**ABOUT THIS EXERCISE**
Copy out the full data exactly as given; pictures should not be included.

**AVAILABLE DATA**
= = = = =

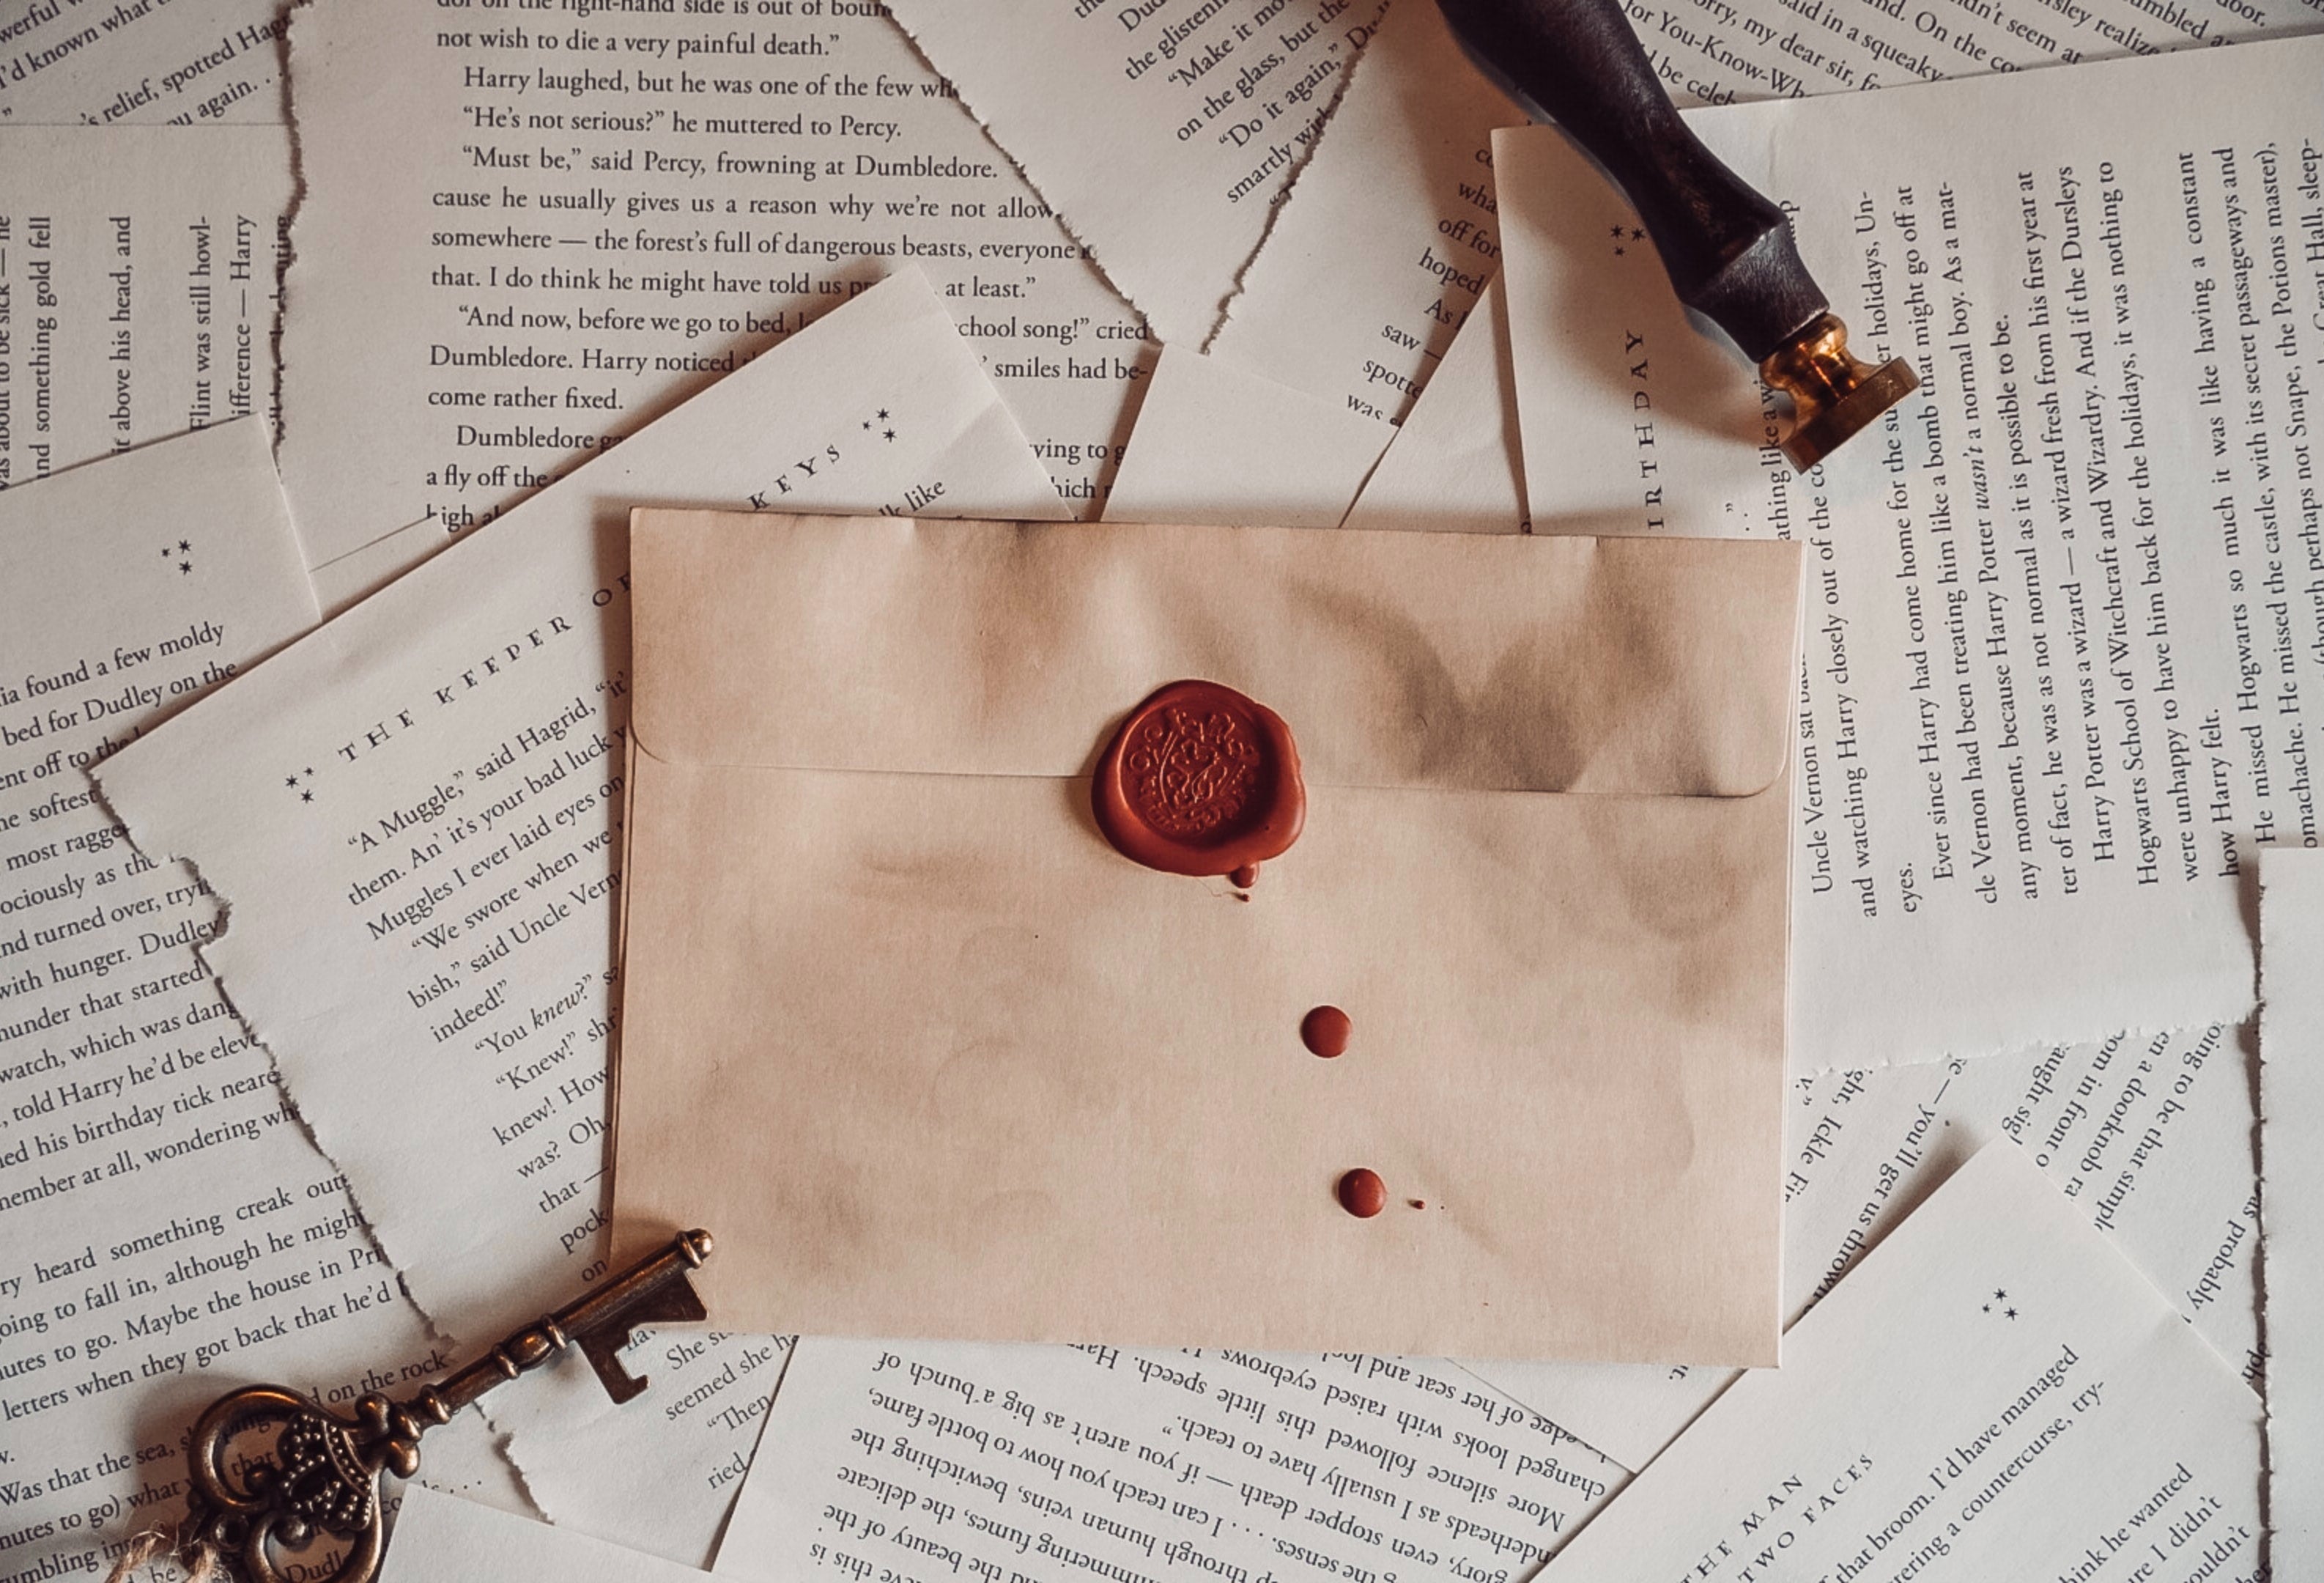 old letter with red wax seal, surrounded by harry potter pages,a brass key and wax stamp
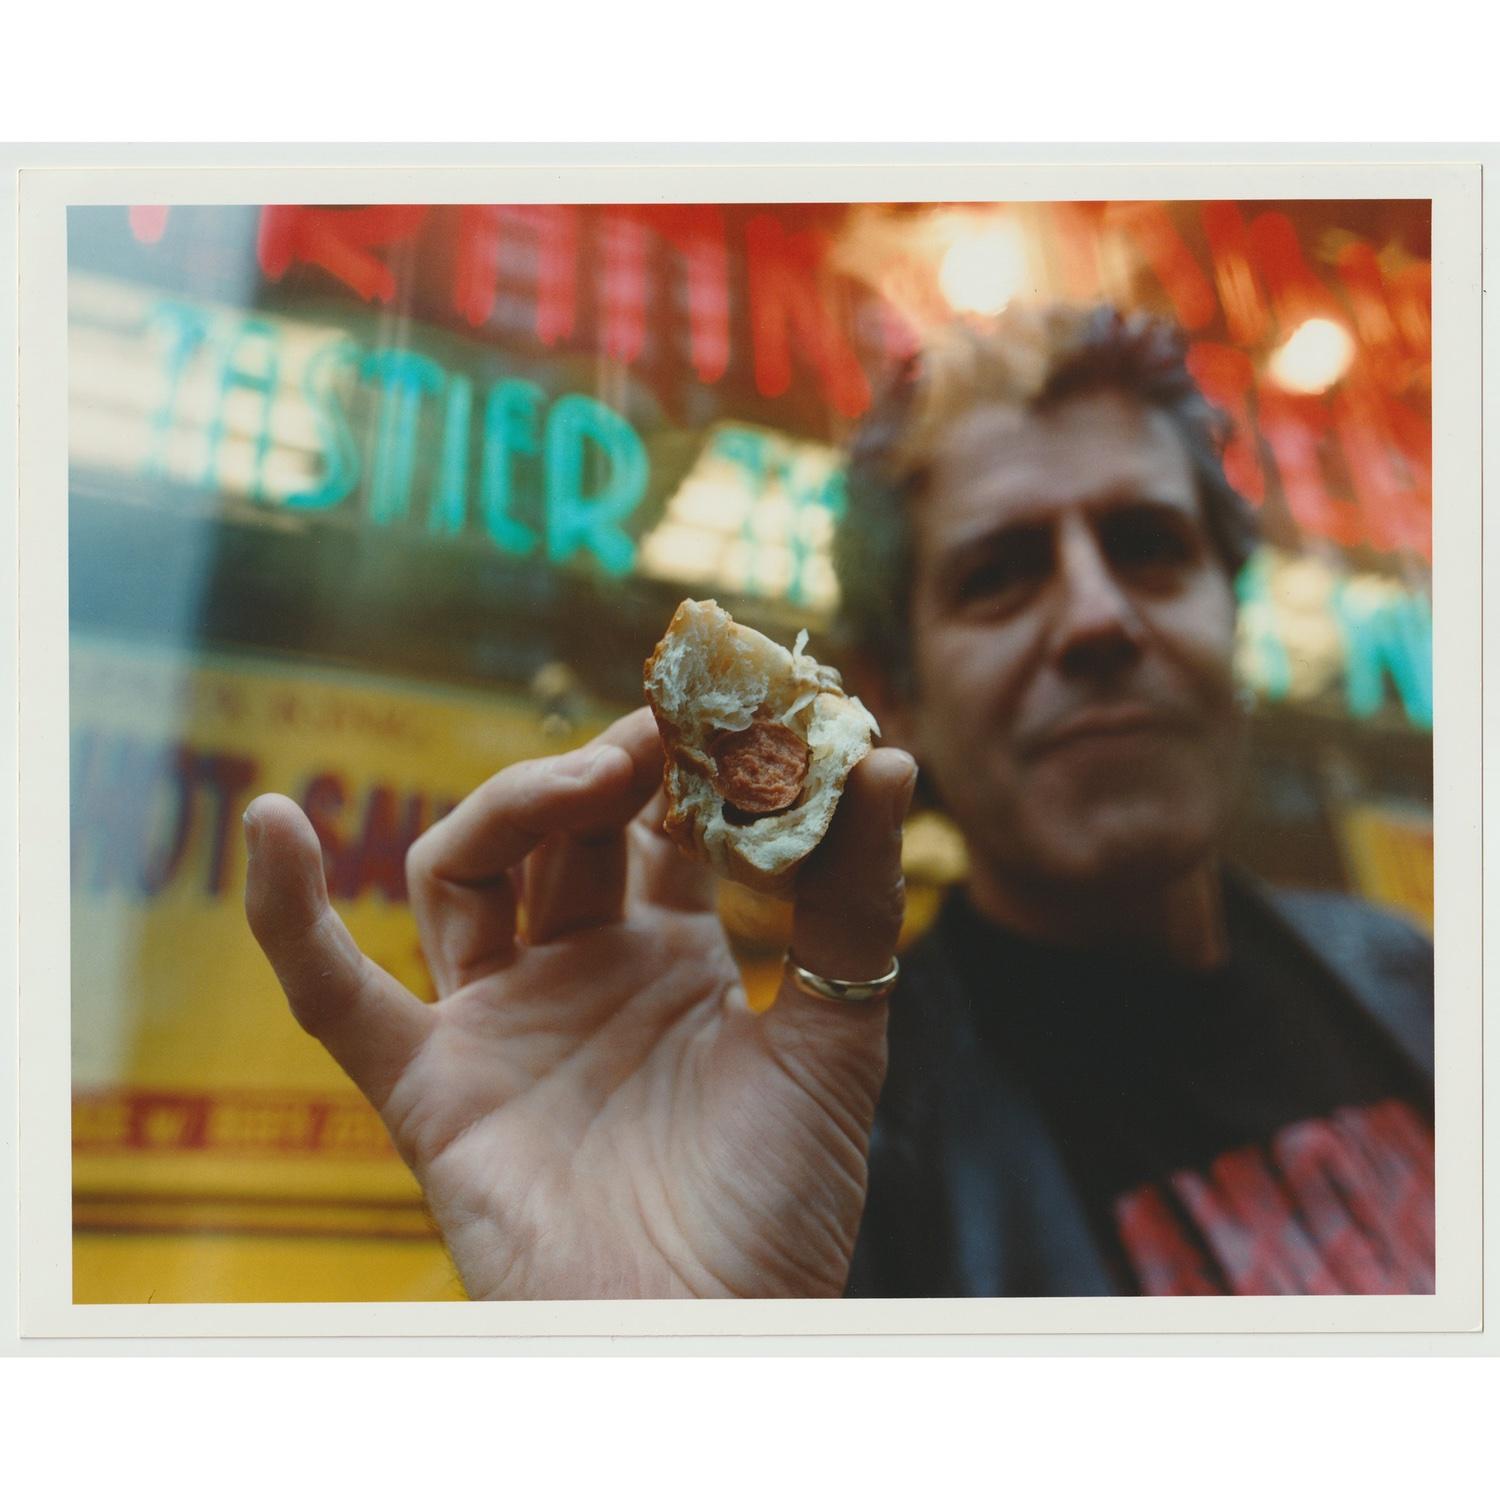 Original hand-printed 8x10” vintage color work print from photographer Jake Chessum of Anthony Bourdain taken in NYC outside Papaya King on 86th and Lexington

Printed by Jake at the time of the photoshoot and signed on the back by Jake Chessum.

= = = = =

**ANSWER SPACE**
 old letter with red wax seal, surrounded by harry potter pages,a brass key and wax stamp
 Original hand-printed 8x10” vintage color work print from photographer Jake Chessum of Anthony Bourdain taken in NYC outside Papaya King on 86th and Lexington

Printed by Jake at the time of the photoshoot and signed on the back by Jake Chessum.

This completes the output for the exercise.